Case ID: cal-app-3d_90/html/0446-01.html
Source: Caselaw Access Project
Author: {"author": "PUGLIA, P. J.", "license": "Public Domain", "url": "https://static.case.law/"}
Date Created: 2024-08-24T03:29:51.129683

[Civ. No. 17169.
    Third Dist.
    Mar. 14, 1979.]
    PATRICK L. WRIGHT, a Minor, etc., Plaintiff and Appellant, v. DEPARTMENT OF BENEFIT PAYMENTS, Defendant and Respondent.
    
      Counsel
    Friedman, Collard, Poswall & Thompson and John W. Poswall for Plaintiff and Appellant.
    
      Evelle J. Younger, George Deukmejian, Attorneys General, John J. Klee, Jr., Assistant Attorney General, Thomas E. Warriner, Richard M. Skinner and Floyd D. Shimomura, Deputy Attorneys General, for Defendant and Respondent.
   Opinion

PUGLIA, P. J.

This is an appeal from a judgment on the pleadings in favor of the State of California, Department of Benefit Payments (department). Plaintiff, as guardian ad litem for her minor son, Patrick, brought this action for declaratory relief in an attempt to bar the department from recouping out of Patrick’s $20,000 personal injury settlement, the sum of $4,746.91 which the department had paid to Medi-Cal providers for treatment of injuries sustained by Patrick in an accident which resulted in the settlement.

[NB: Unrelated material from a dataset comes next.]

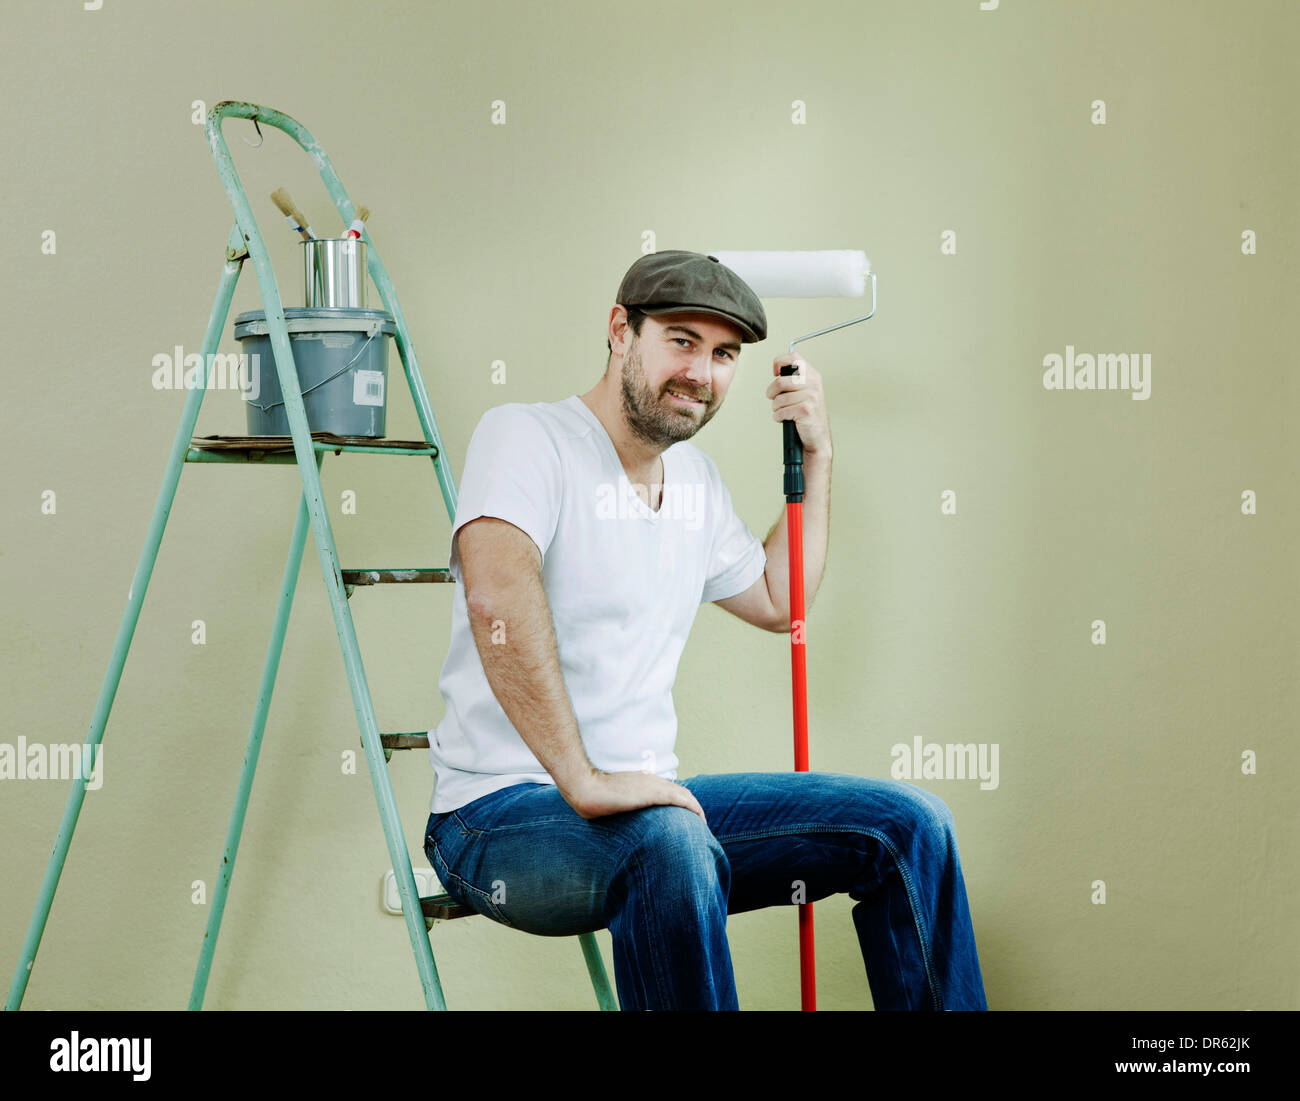 Man decorating, taking a break, Munich, Bavaria, Germany Stock Photo

In the posture of this case, we must accept as true the allegations in plaintiff’s complaint for declaratory relief. (Sullivan v. County of Los Angeles (1974) 12 Cal.3d 710, 714, fn. 3 [117 Cal.Rptr. 241, 527 P.2d 865].) The following statement of facts has been taken from the complaint and its incorporated exhibits.

On a dark, rainy night in 1973, when Patrick was six years old, he crossed a street into the path of a pickup truck driven by Wayne Allen Garcia and was struck by the vehicle. Patrick was not in a crosswalk; had the street been marked with crosswalks, the nearest one would have been some 45 feet away. Garcia was not speeding and was able to stop his truck without skidding within a few feet of the impact. Patrick incurred brain damage with residual effects; his medical treatment cost approximately $6,500, all of which was paid for by Medi-Cal.

Plaintiff sued Garcia on Patrick’s behalf. The department filed a notice of lien in that action for recovery of its Medi-Cal expenditures. (See Welf. & Inst. Code, §§ 14124.74, 14124.78.) 3Because there was a serious question of liability, the action was settled for the sum of $20,000.

Plaintiff has refused to repay the department the amount of its lien. She contends on appeal as she did at trial that procedural due process requires the department to hold a hearing before satisfying its lien from the settlement proceeds to determine whether satisfaction of the lien would “result in undue hardship upon [Patrick]” within the meaning of Welfare and Institutions Code section 14124.71. Plaintiff also contends that since Patrick’s settlement represented only 20 percent of the dollar value of his injuries, comparative negligence principles require that the department’s reimbursement, if allowed at all, must similarly be reduced in proportion to the percentage of fault for the accident attributable to Patrick.

I.

Section 14124.71 (fn. 3, ante, p. 449) confers upon the director discretion in certain circumstances to waive any part or all of a lien claim against a Medi-Cal recipient who is reimbursed by the tortfeasor. Exercise of the director’s discretion is not expressly conditioned upon a hearing. (See §§ 14124.70-14124.79.) Relying on Goldberg v. Kelly (1970) 397 U.S. 254 [25 L.Ed.2d 287, 90 S.Ct. 1011], Fuentes v. Shevin (1972) 407 U.S. 67 [32 L.Ed.2d 556, 92 S.Ct. 1983], and McCullough v. Terzian (1970) 2 Cal.3d 647 [87 Cal.Rptr. 195, 470 P.2d 4, 47 A.L.R.3d 266], plaintiff argues that in seeking summary recovery on its lien, the department threatens to deprive Patrick of a welfare-type benefit in which he has a property interest without affording him a hearing to determine whether so doing would impose “undue hardship” upon him.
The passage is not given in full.